One possible explanation comes from the structure of positional notation used to write numbers.
Krieger–Kafri entropy explanation
In 1970 Wolfgang Krieger proved what is now called the Krieger generator theorem. The Krieger generator theorem might be viewed as a justification for the assumption in the Kafri ball-and-box model that, in a given base with a fixed number of digits 0, 1, ..., n, ...,, digit n is equivalent to a Kafri box containing n non-interacting balls. Other scientists and statisticians have suggested entropy-related explanations for Benford's law.Multiplicative fluctuations
Many real-world examples of Benford's law arise from multiplicative fluctuations.
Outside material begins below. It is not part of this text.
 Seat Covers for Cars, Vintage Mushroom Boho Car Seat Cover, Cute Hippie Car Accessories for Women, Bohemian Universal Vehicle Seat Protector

For example, if a stock price starts at $100, and then each day it gets multiplied by a randomly chosen factor between 0.99 and 1.01, then over an extended period the probability distribution of its price satisfies Benford's law with higher and higher accuracy.The reason is that the logarithm of the stock price is undergoing a random walk, so over time its probability distribution will get more and more broad and smooth. To be sure of approximate agreement with Benford's law, the distribution has to be approximately invariant when scaled up by any factor up to 10; a log-normally distributed data set with wide dispersion would have this approximate property.
Unlike multiplicative fluctuations, additive fluctuations do not lead to Benford's law: They lead instead to normal probability distributions, which do not satisfy Benford's law. By contrast, that hypothetical stock price described above can be written as the product of many random variables, so is likely to follow Benford's law quite well.